= George B. Cheever =

American journalist, poet, and abolitionist (1807–1890)

George Barrell Cheever (April 7, 1807 – October 1, 1890) was a well-known and controversial abolitionist minister and writer. Born in Hallowell, Maine, he was an 1825 graduate of Bowdoin College, where he was a classmate of Nathaniel Hawthorne and Henry W. Longfellow, and Andover Theological Seminary. In 1832 he became pastor of the Howard Street Congregational Church in Salem, Massachusetts. In 1838 he became pastor of the Allen Street Presbyterian Church, in New York City, and in 1846 the new Congregational Church of the Puritans. New York City. In 1846 he married Elizabeth Hoppin Wetmore Cheever; they had no children.
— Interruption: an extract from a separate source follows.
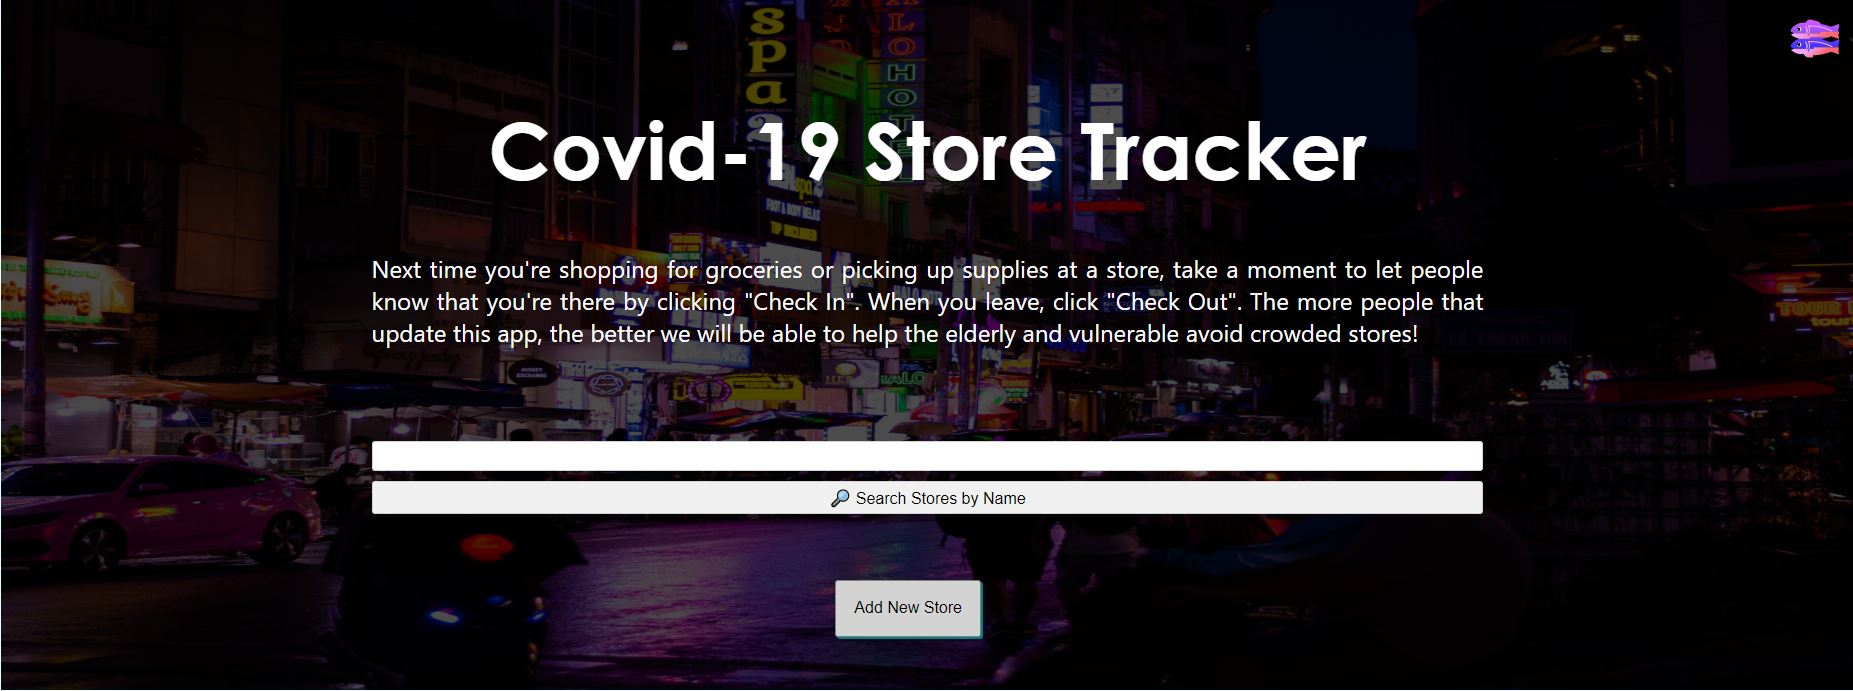 Covid-19 Store Tracker

He was a leader of the Christian Abolitionist Movement. His best-known works, which went through multiple editions and are held by hundreds of libraries, are:

- "God against slavery : and the freedom and the duty of the pulpit to rebuke it, as a sin against God" (1857)
- "The guilt of slavery and the crime of slaveholding, demonstrated from the Hebrew and Greek scriptures" (1860)
He was also a leader in the American Temperance Society. In 1833, he published:

- "The Temperance Reformation. Fifth Report of the American Temperance Society. Presented at the meeting in Boston, May 1832" in The American Quarterly Observer. July 1833.

Edgar Allan Poe famously remarked on Cheever: "He is much better known, however, as the editor of The Commonplace Book of American Poetry, a work which has at least the merit of not belying its title, and is exceedingly commonplace".